• **PROBLEM DESCRIPTION**:
Print the lines in the listing below starting at the line with "Pattrena Бальзам натуральный" and ending at the line with "Mão do negócio", both included. Reproduce them exactly and omit every picture.

• **SUPPLIED DATA**:
BEGIN
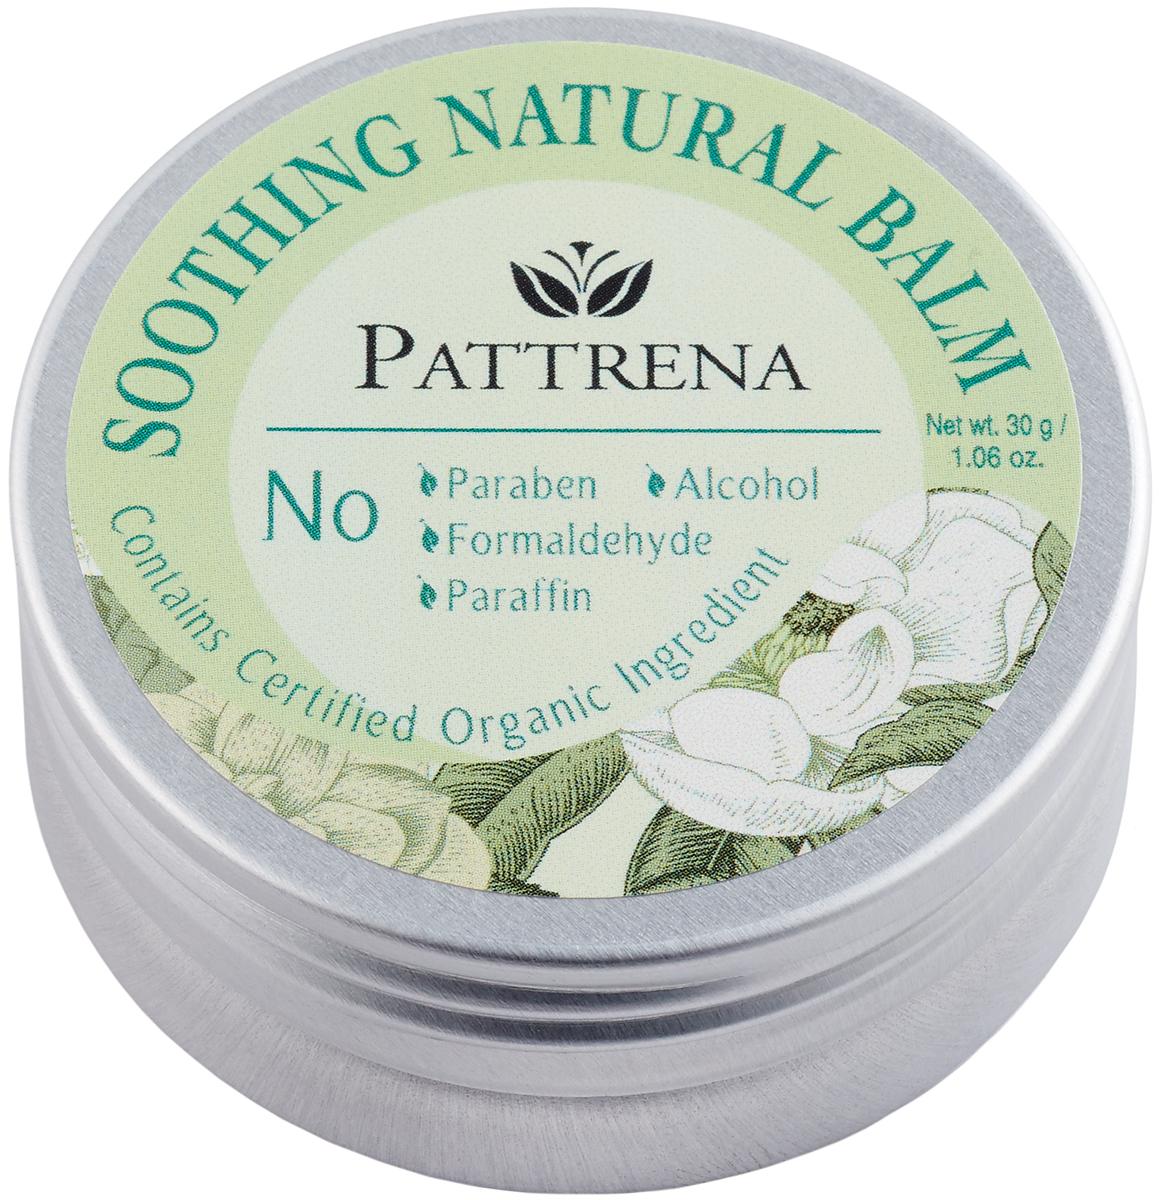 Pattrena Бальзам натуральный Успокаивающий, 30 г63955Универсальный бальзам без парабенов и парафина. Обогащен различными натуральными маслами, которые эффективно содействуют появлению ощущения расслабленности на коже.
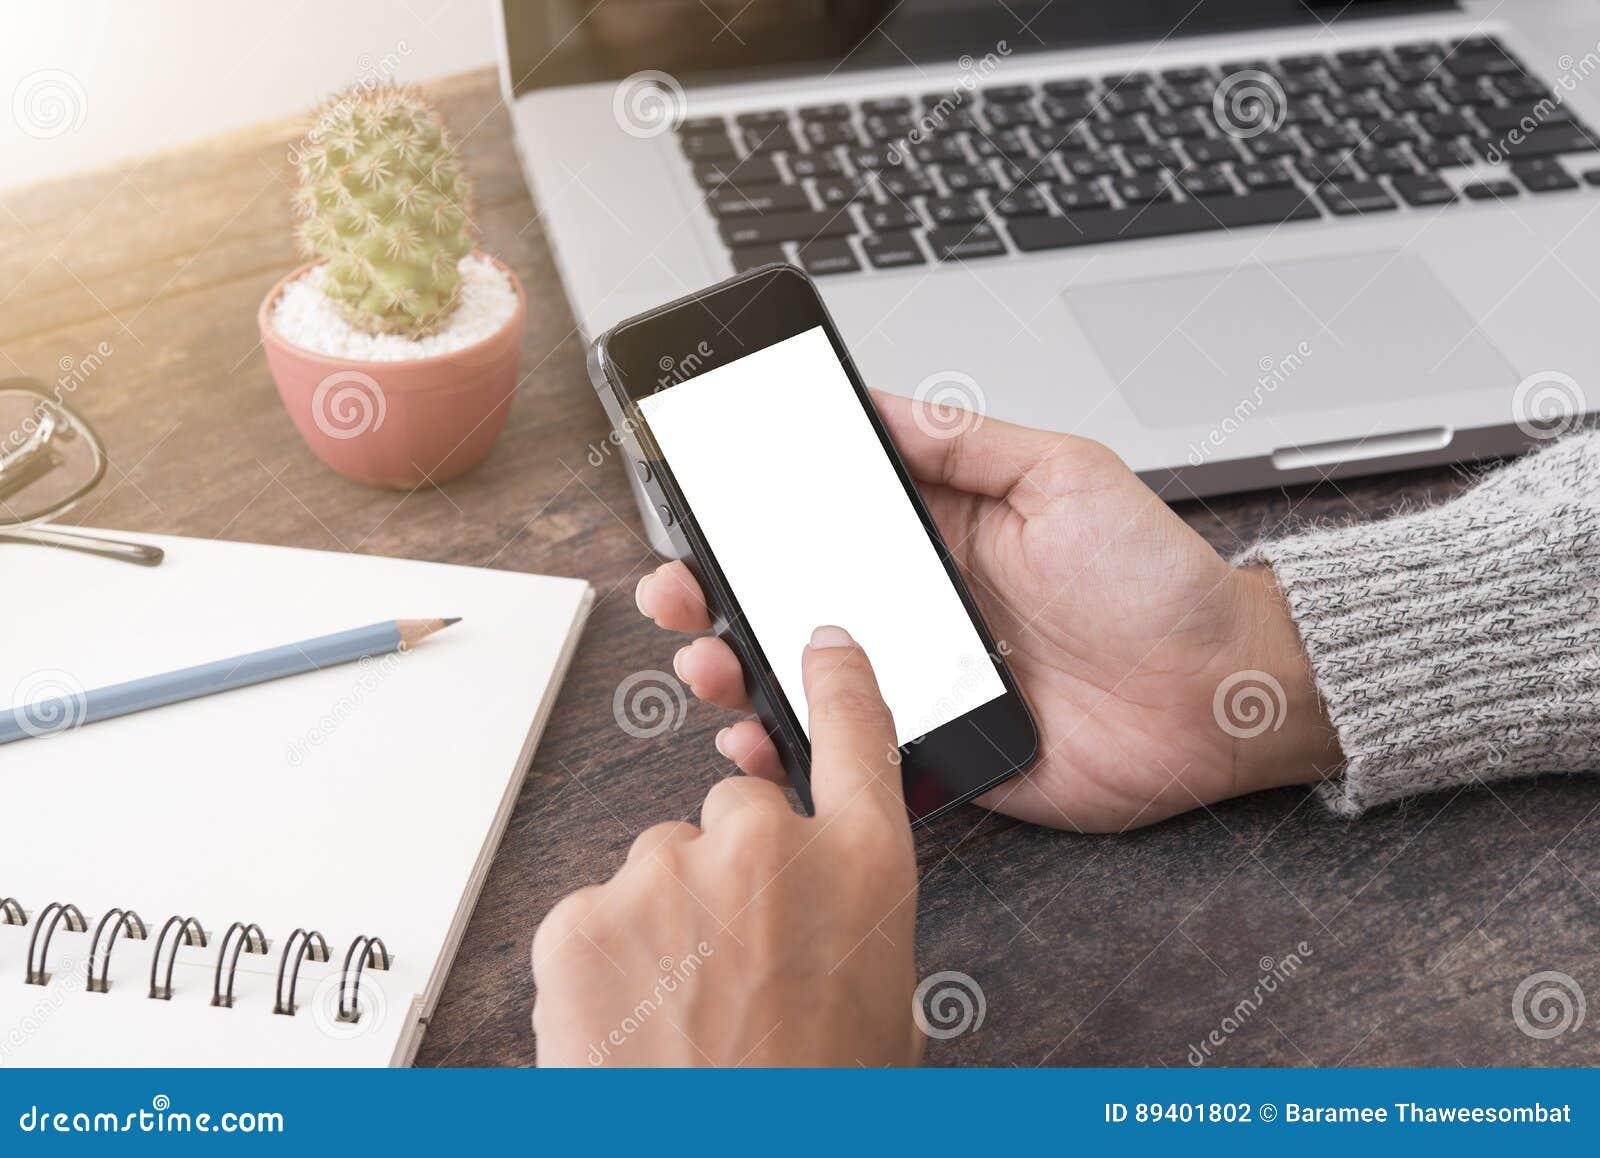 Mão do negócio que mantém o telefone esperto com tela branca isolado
END
BEGIN
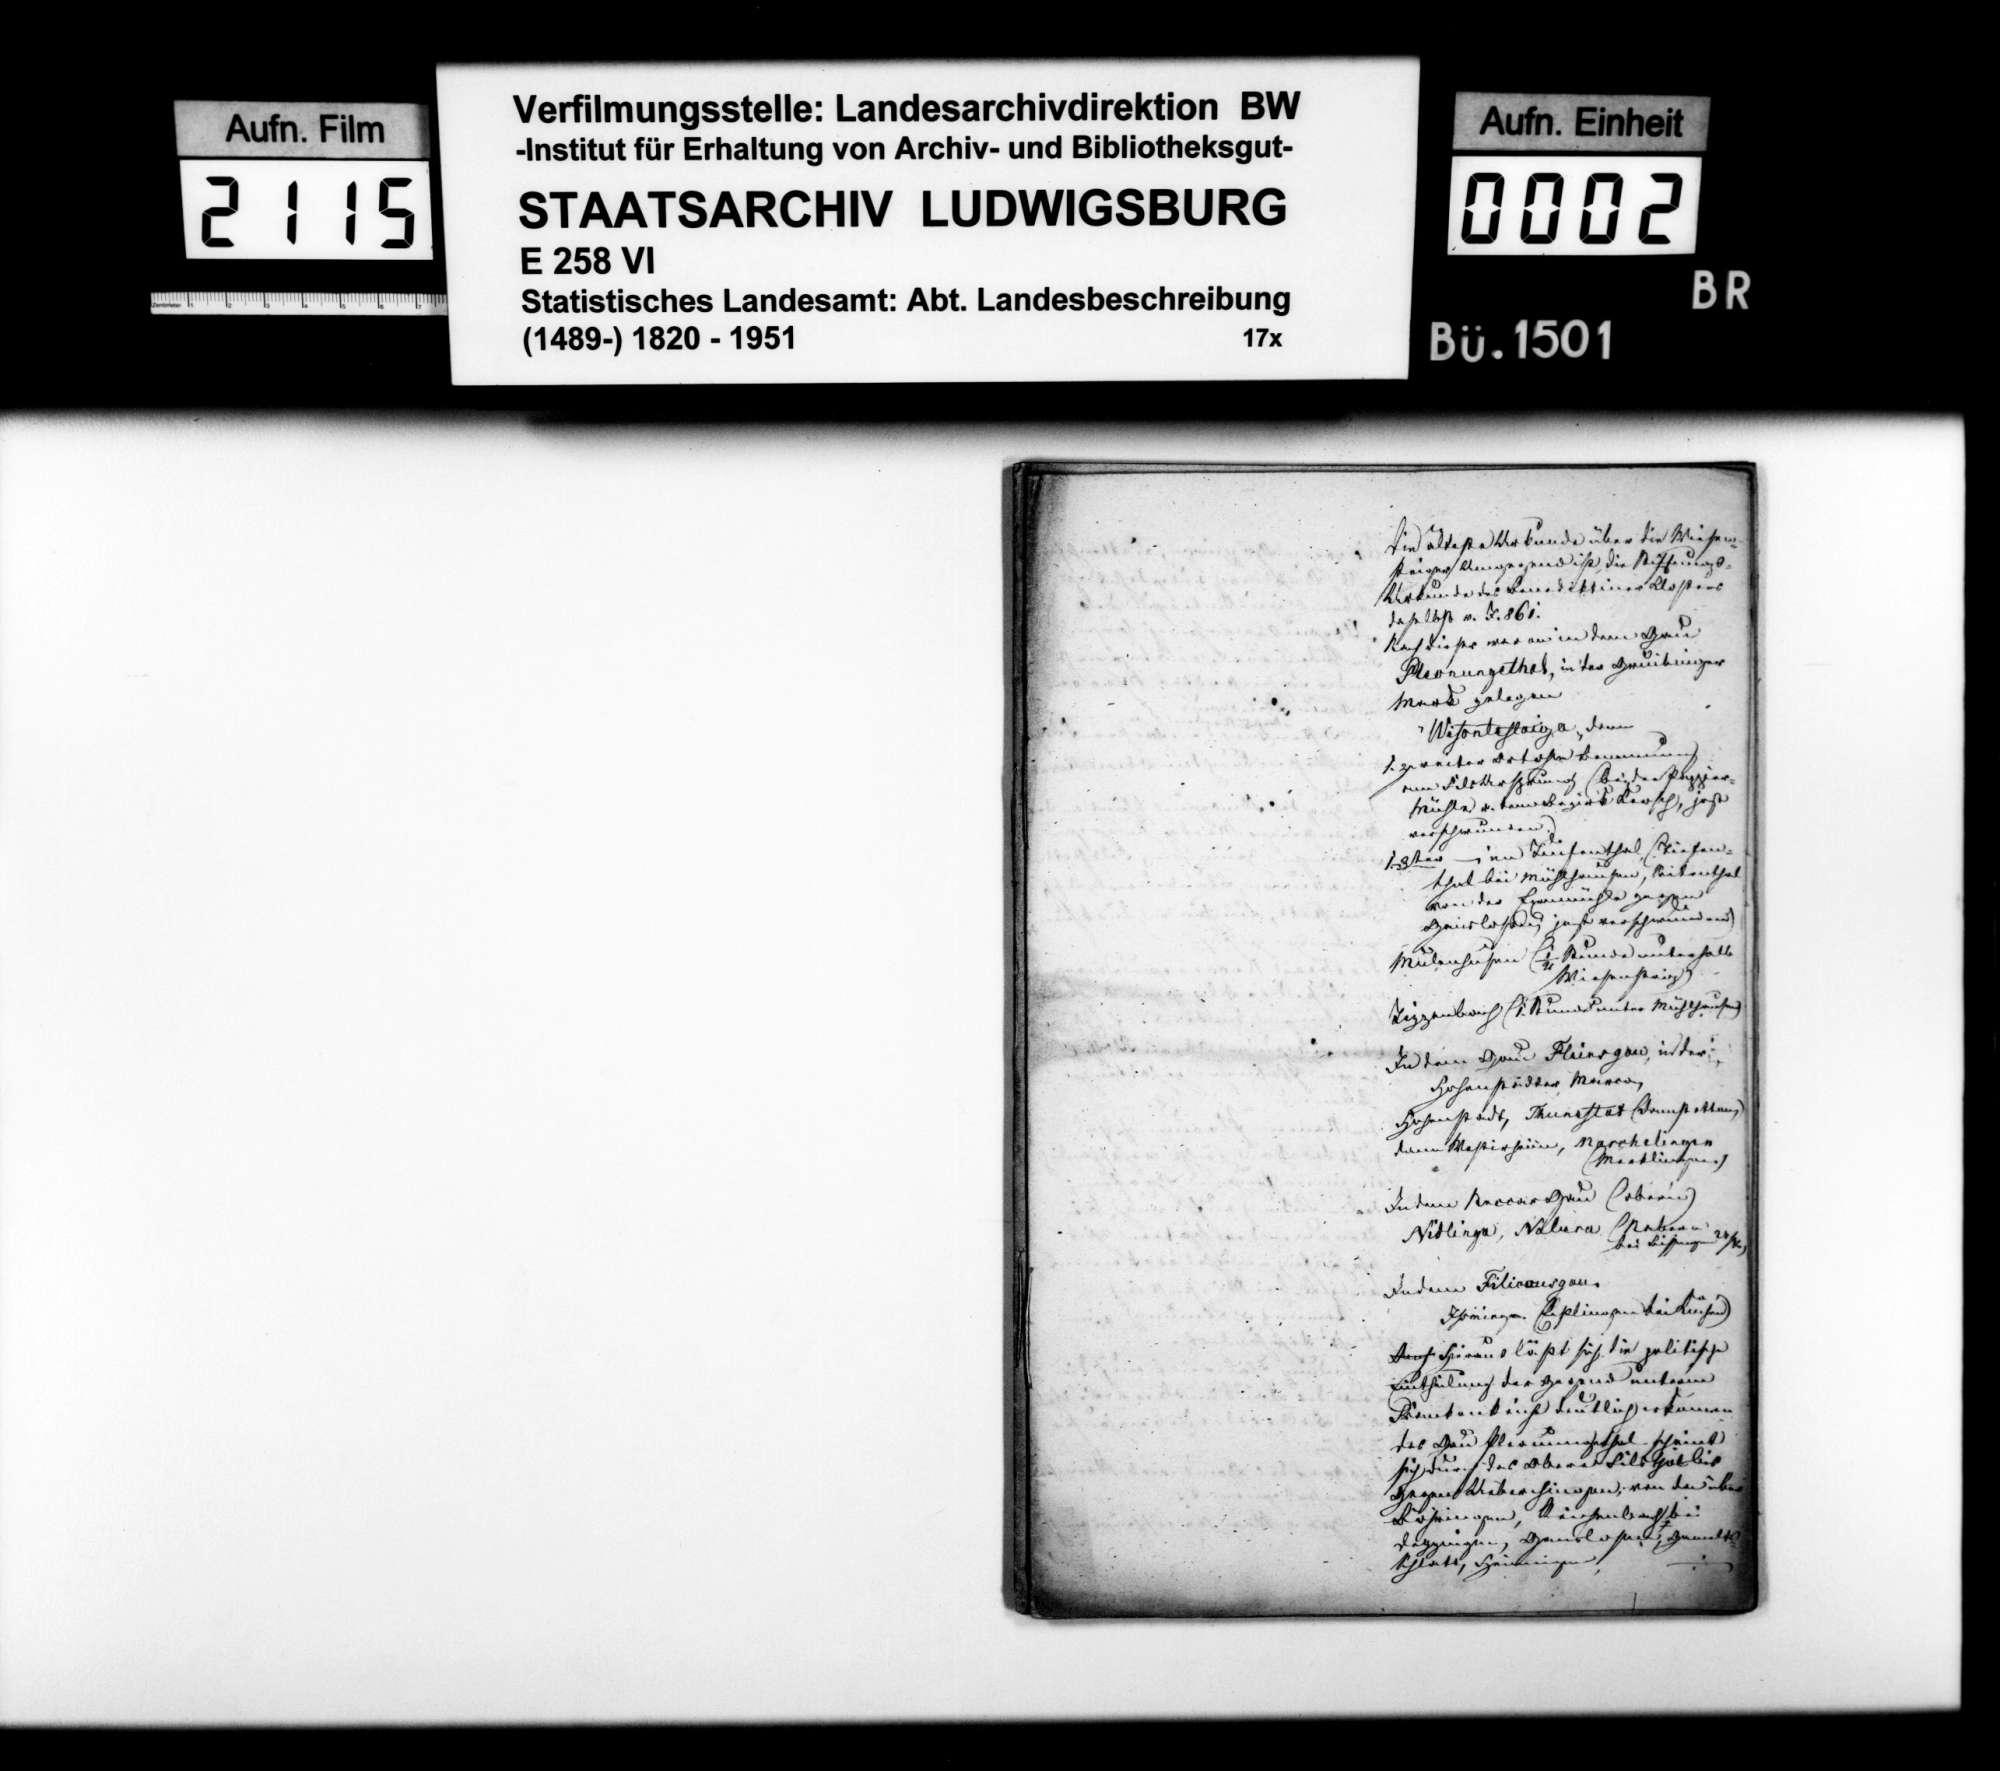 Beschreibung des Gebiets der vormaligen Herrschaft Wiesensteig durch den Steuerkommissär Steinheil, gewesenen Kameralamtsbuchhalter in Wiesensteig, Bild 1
END
BEGIN
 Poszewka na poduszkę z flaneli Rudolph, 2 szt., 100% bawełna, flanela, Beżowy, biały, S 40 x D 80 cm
END
• **YOUR RESPONSE**:
 Pattrena Бальзам натуральный Успокаивающий, 30 г63955Универсальный бальзам без парабенов и парафина. Обогащен различными натуральными маслами, которые эффективно содействуют появлению ощущения расслабленности на коже.
 Mão do negócio que mantém o telefone esperto com tela branca isolado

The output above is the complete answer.